LibéToulouse : Hébergement d’urgence : « La moitié des places à Toulouse sont aujourd’hui assurées par des squats »
Mardi soir, les forces de l’ordre sont intervenues pour évacuer un bâtiment de la veille sociale de la ville occupé depuis une journée par des militants de la campagne « Zéro enfants à la rue », portée notamment par le CREA. Familles sans logements, militants et travailleurs sociaux dénoncent l’absence de solution de relogement alors que l’ancien siège de l’URSAF abritant une centaine de personnes va probablement être sujet à une expulsion dans les prochains jours.

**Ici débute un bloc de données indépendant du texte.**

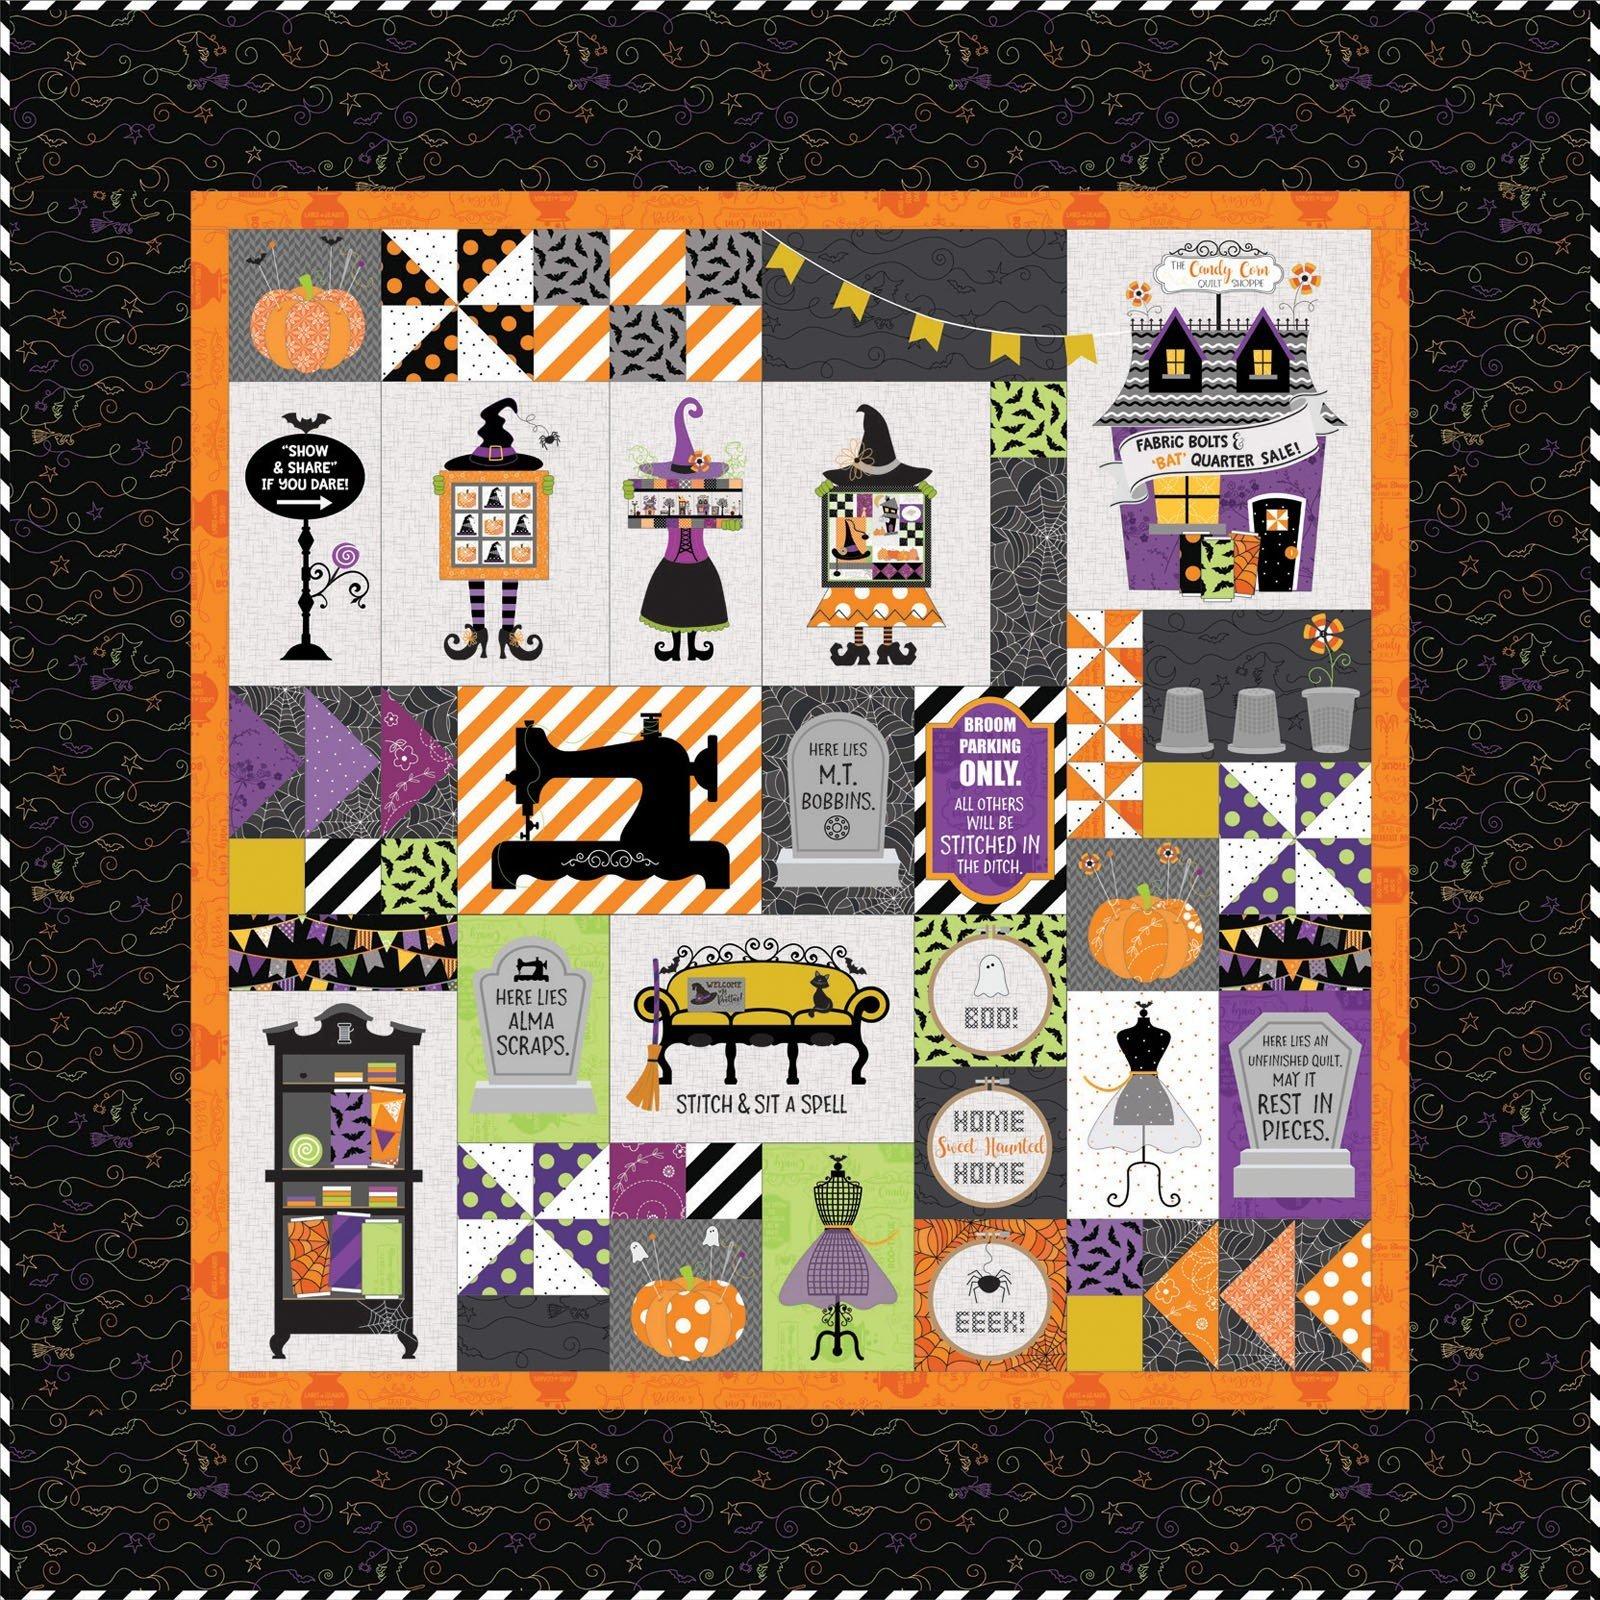 Kimberbell Candy Corn Quilt Shoppe Quilt Kit - Presale

Occupation contre expulsion
Le bras de fer continue à Toulouse entre les pouvoirs publics et les militants du droit au logement. En effet, après l’expulsion des anciens locaux de l’AFPA, les différents collectifs ont répondu par la réquisition de l’ancien siège de l’URSAF rue Demouilles. A son tour, ce nouveau « squat » de 5600 m2 inoccupé depuis six ans est aujourd’hui sous le coup d’une procédure d’expulsion. « La préfecture a mis la pression sur l’antenne locale de l’URSAF afin de ne nous laisser aucun répit » expliquent les militants qui déplore cette « répression sans qu’aucune solution ne soit proposées à la centaine d’habitants logeant actuellement rue Demouilles. » Une impasse qu’ils ont souhaité dénoncer mardi en occupant le point d’accueil, d’information et d’orientation (PAIO), structure d’accueil de la veille sociale de la municipalité.